24 March 2014

Sleepless As What's Under Them

The other day I got out for a bit of a ride.  On my way home, I passed through the Brooklyn Heights and Cobble Hill neighborhoods of Brooklyn.  

The Heights abuts the waterfront and the Hill is next door.  Both neighborhoods have been the home of a number of writers, especially poets--including the ones everyone's heard of like Walt Whitman, Hart Crane and Marianne Moore and ones only readers of this blog have heard of, like yours truly.

Anyway, much of the Heights gentrified decades ago--in fact, one of the first landmarked districts in the United States lies within the neighborhood.  Cobble Hill is also turning into an enclave of young professionals and families.  

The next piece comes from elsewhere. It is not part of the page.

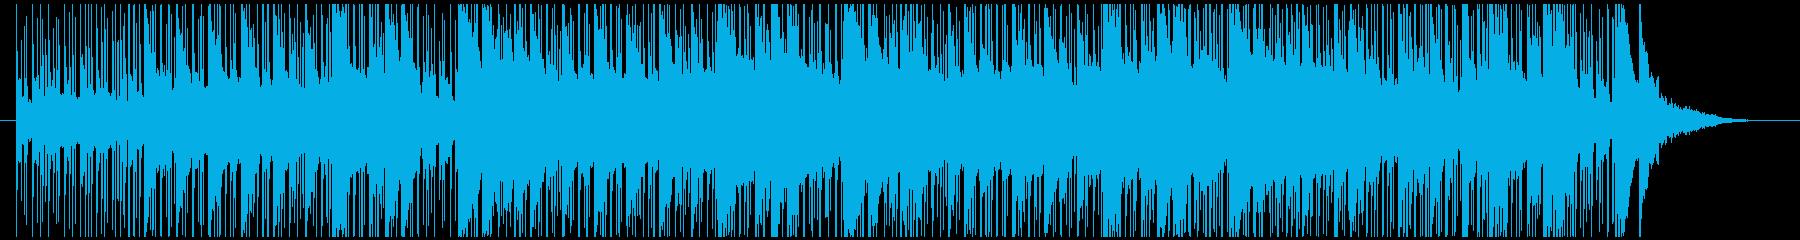 ドキュメンタリーに合うピアノアンビエントの再生済みの波形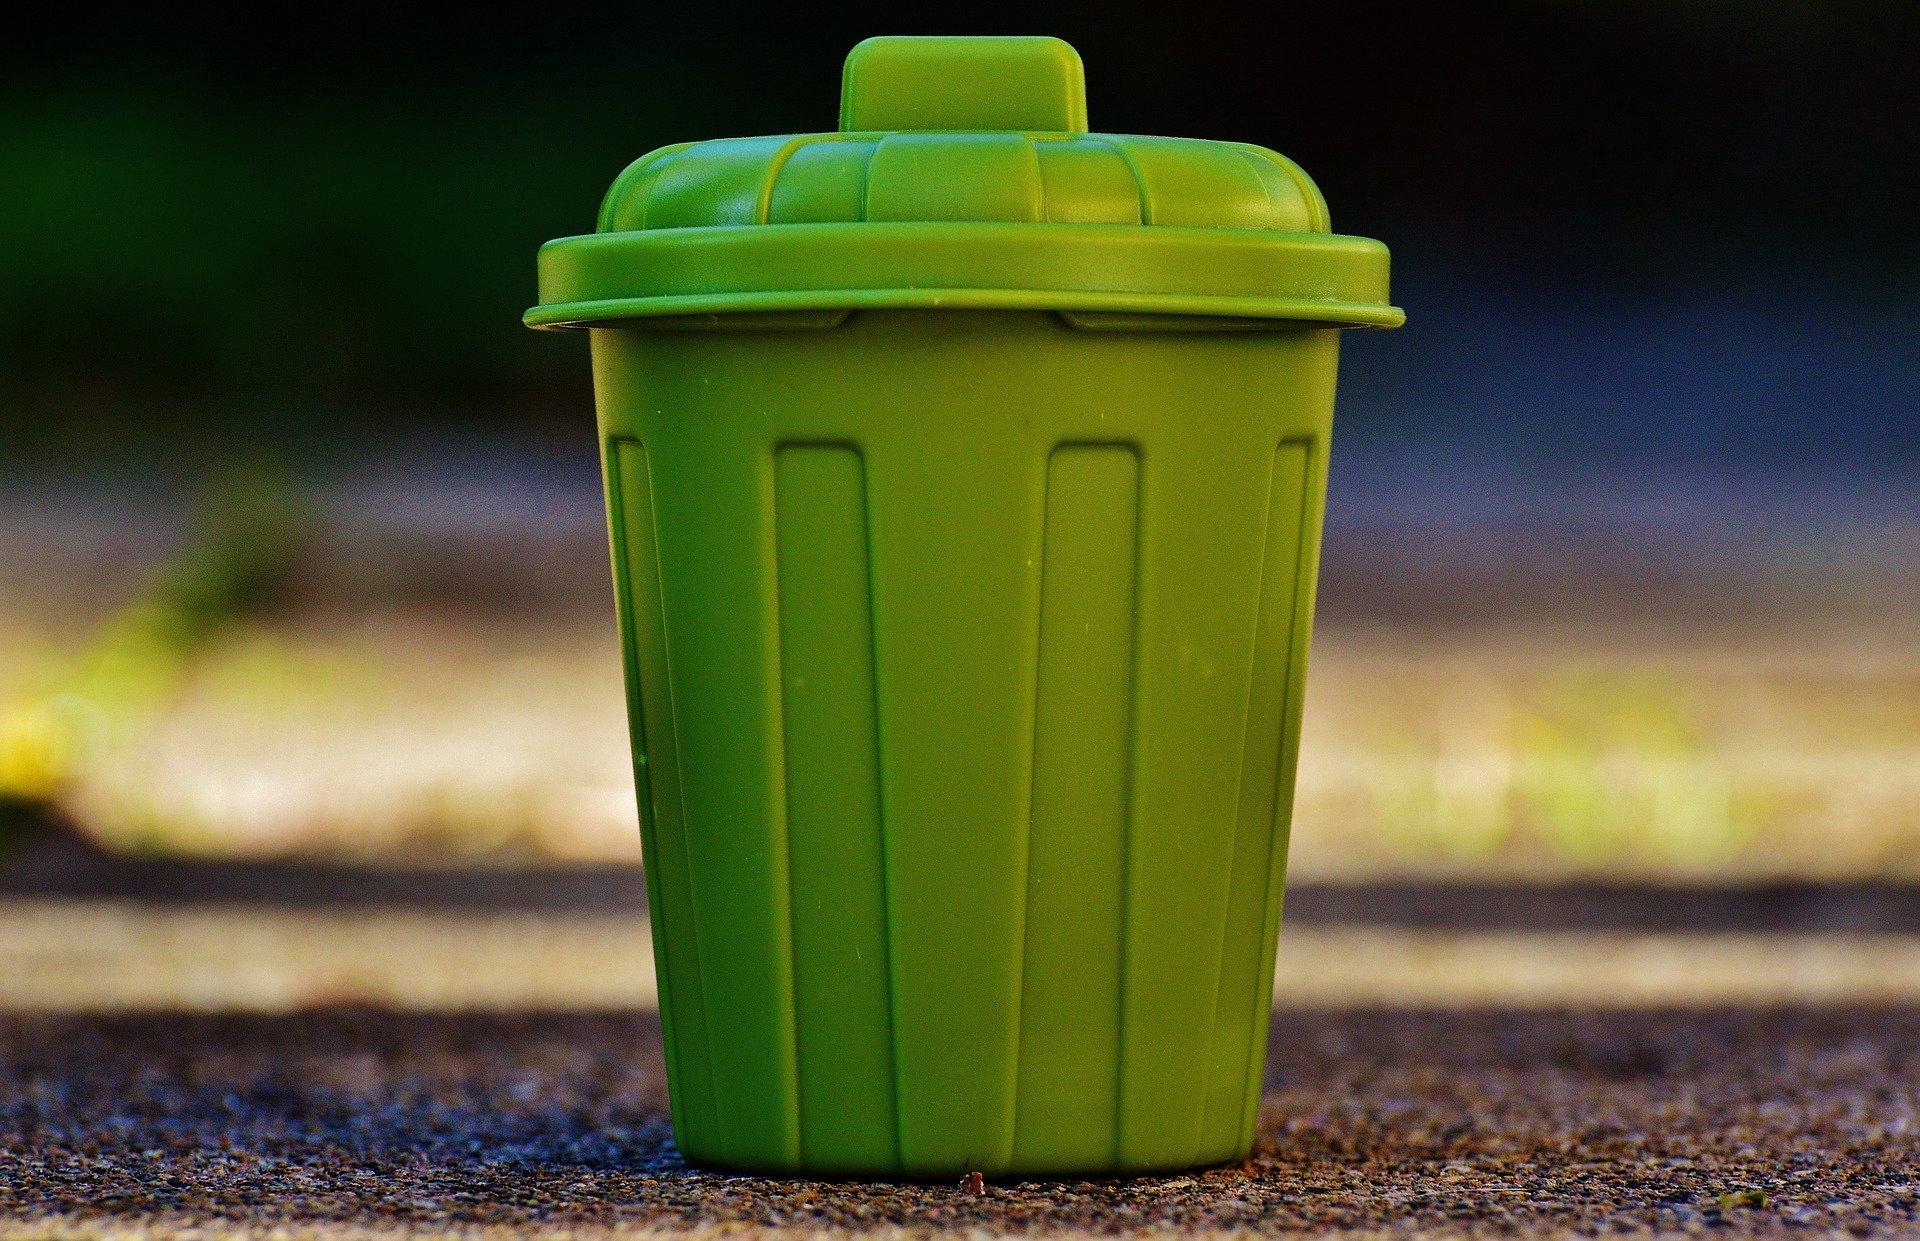 ベランダ用ゴミ箱のおすすめ特集!臭いや虫の対策についてもチェック!

One result of those demographic changes--and shifts in the city's, nation's and world's economy--is that much of the city's maritime history is disappearing.  I know about those developments firsthand:  Two of my uncles were maritime workers and their union headquarters once occupied an entire square block, and a good part of another, in South Brooklyn.  One of my early birthdays was celebrated in its reception hall; so were milestones in the lives of other family members of longshoremen and other workers.  Now that square-block sized building is occupied by the largest Muslim elementary school in America and the maritime workers are relegated only to a couple of offices in the other building.

One of the last remaining vestiges of the work those men (almost all of them were male) did is seen on this building I passed on Atlantic Avenue, near Clinton Street:





The former headquarters and workshop of John Curtin's sail-making operation is now condominums, with a restaurant and Urban Outfitters store in its street-level studios. 

Riding through the neighborhood made me think of this passage from Hart Crane's masterwork The Bridge:

 Sleepless as the river under thee,
Vaulting the sea, the prairies’ dreaming sod,
Unto us lowliest sometime sweep, descend
And of the curveship lend a myth to God.